Road trip was as good as could be expected


May 30, 1994|By Jim Henneman | Jim Henneman,Sun Staff Writer

All things considered, the road trip just concluded by the Orioles was as good as possible. Which, considering the high degree of expectation and the current climate, probably means it wasn't hot enough.

When they left town 11 days ago, the Orioles had lost five of their past six games, a stretch they would extend to seven of eight. They were caught in a horrendous batting slump that was causing nervous reactions all over the 75-mile drawing radius.

Brady Anderson and Mike Devereaux, the top two hitters in the lineup, had just started to give indications of shaking their doldrums. But Rafael Palmeiro, on the tail end of an impressive 24-game hitting streak, and Harold Baines, who hit third and fourth, had a mild case of the blahs.

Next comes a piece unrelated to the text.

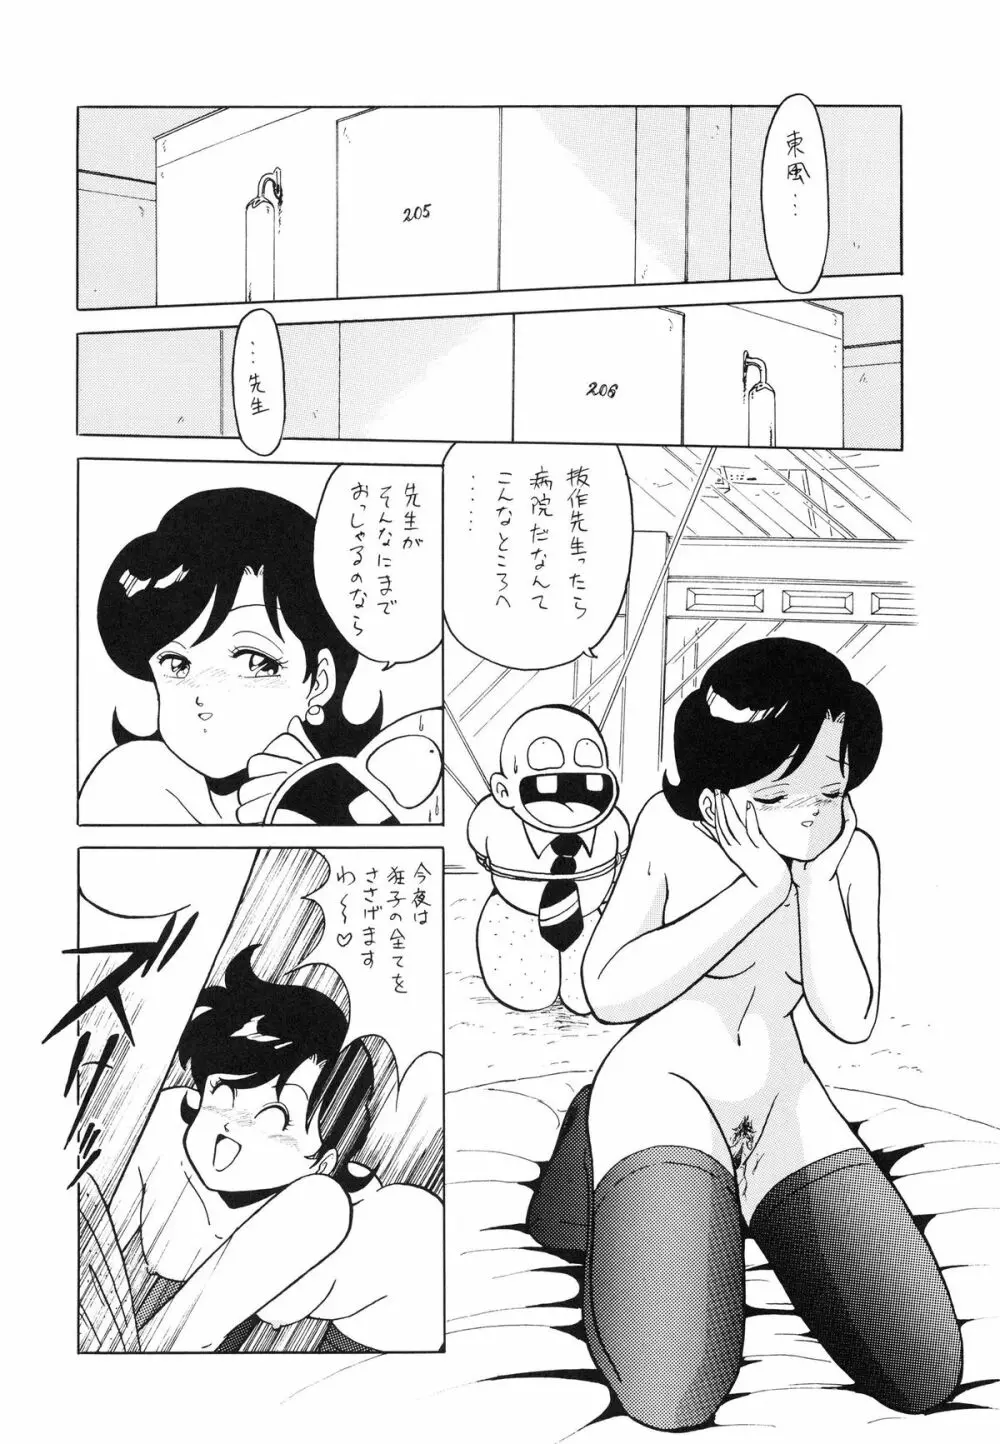 RAINBOW CHASER TENT HOUSE Vol.XI Page.20
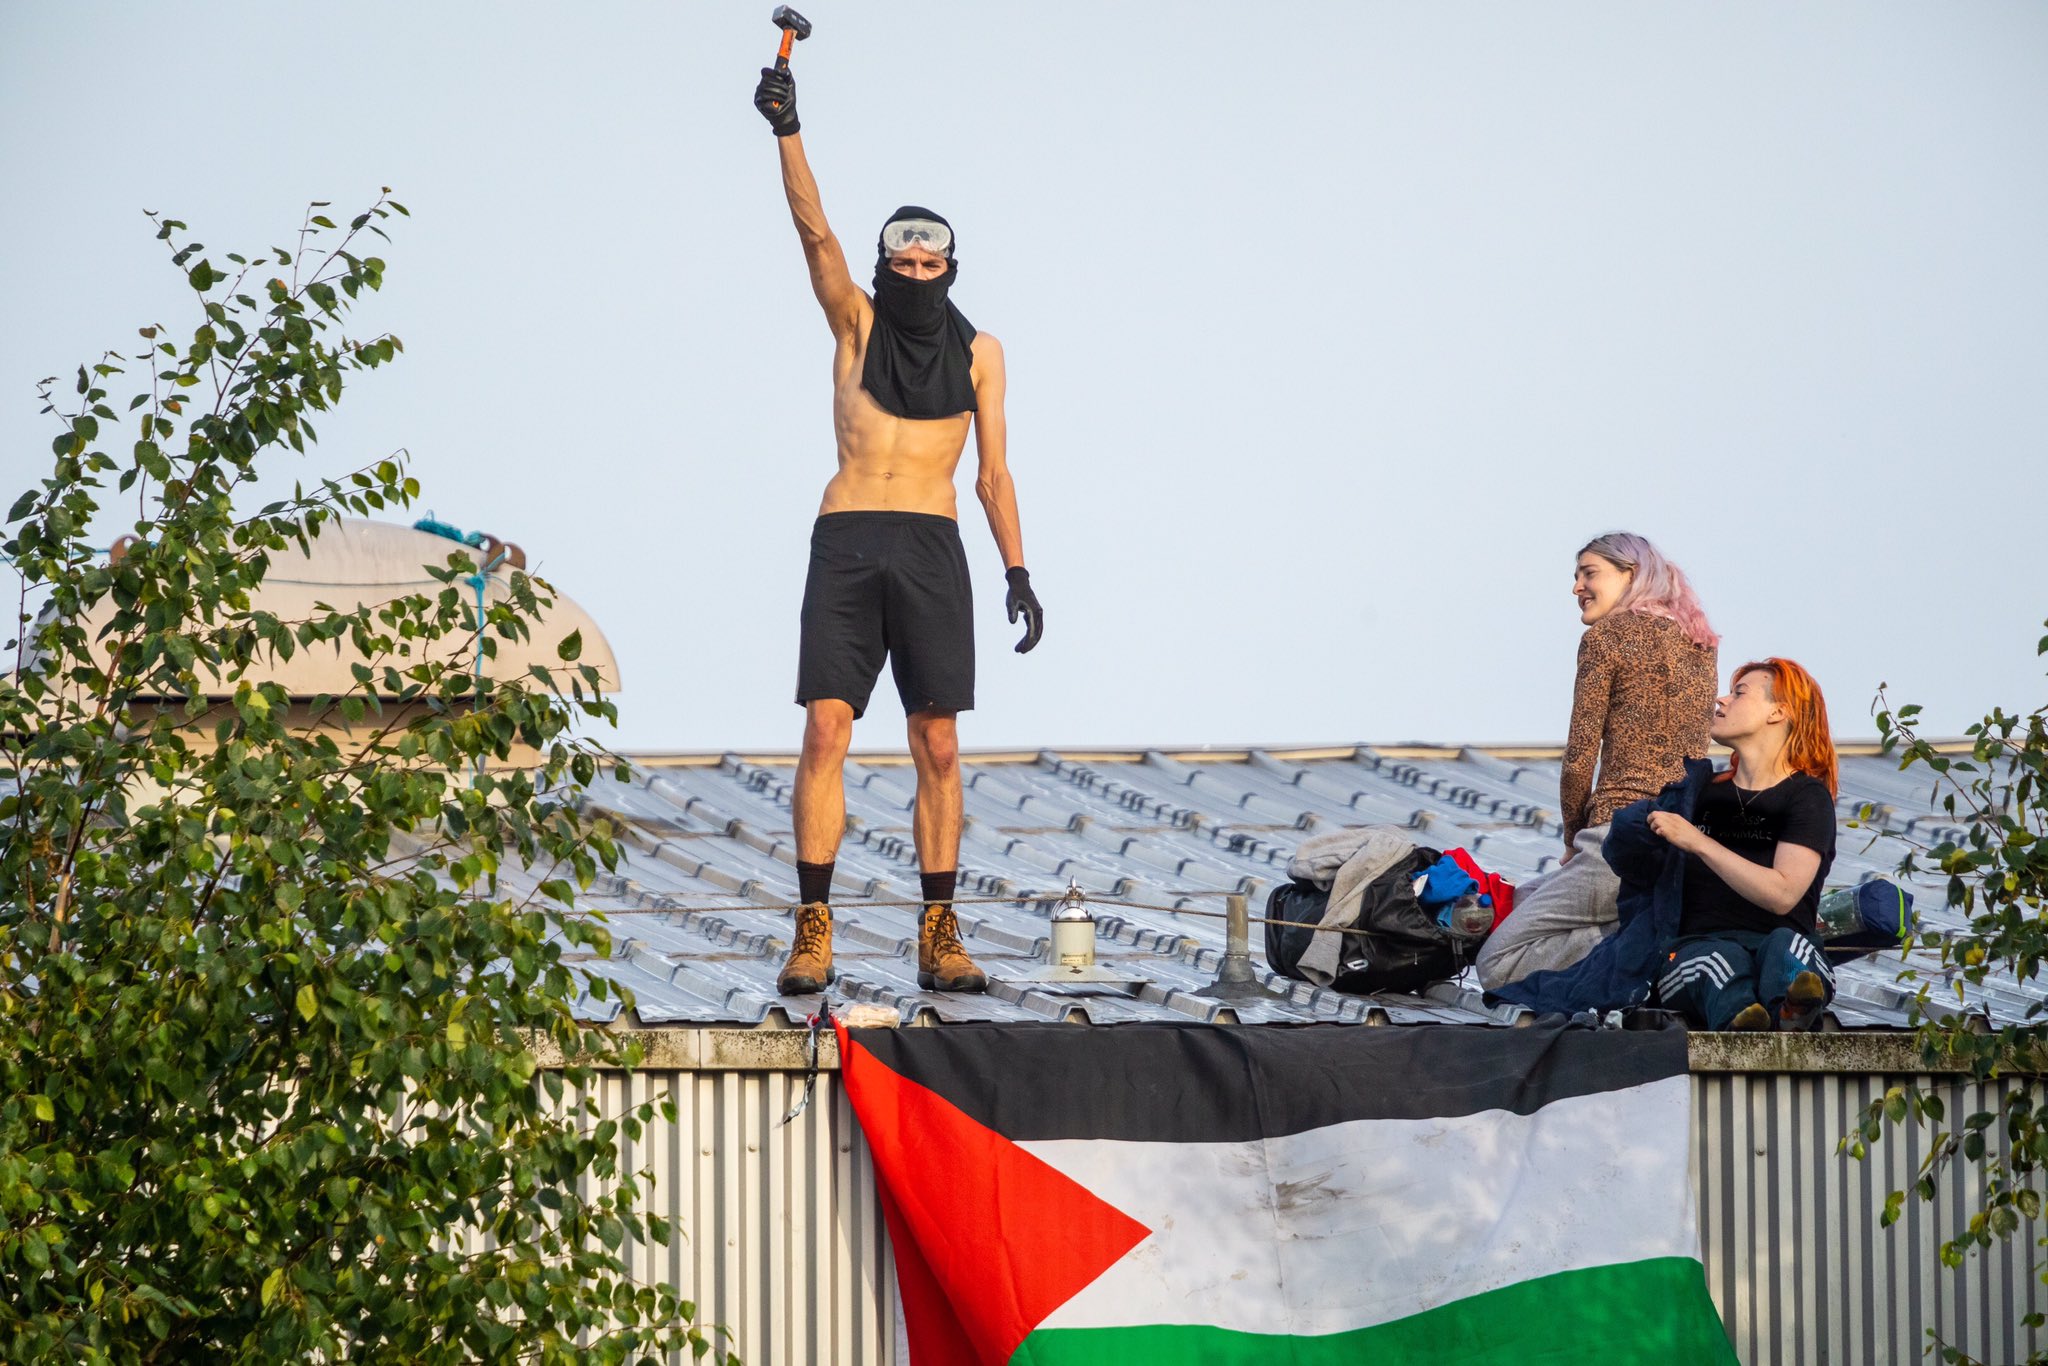 Activists Storm Arms Factory in Scotland over Complicity in Israeli Apartheid

Cal Ripken, the club's RBI leader in the No. 5 spot, was swinging a productive but not overpowering bat. Chris Hoiles had to be dropped in the batting order and both Chris Sabo and Jeffrey Hammonds were missing. That left Leo (Remember Me, I Used To Be On The Trading Block) Gomez as the team's hottest hitter.

It was hardly the most encouraging of situations. No longer was it possible for the American League's Eastern Division title to be clinched before Father's Day, as some apparently had expected.

But, on the first traditional holiday checkpoint of the season, here's the bottom line on the last nine games -- the Orioles won the three games they were supposed to win; lost two games they basically had no chance of winning; and split the remaining four.

Considering there were two first-place teams, the New York Yankees and Chicago White Sox, involved, the trip by any reasonable definition should be classified as a success. Whether such performances are good enough will be determined during the next few months.

After 46 games, a few chinks have appeared in the Orioles' armor. Offensively they have not produced as effectively as expected. The pitching staff overall has been generally good, but hardly trouble-free.

Overall, only the defense has performed consistently at a level of excellence.

There are still questions but, because it isn't July or August, more time is needed to provide the answers. It'll take awhile to determine if this team better resembles the 1983 -- or 1984 -- Orioles. You can forget the 1927 Yankees.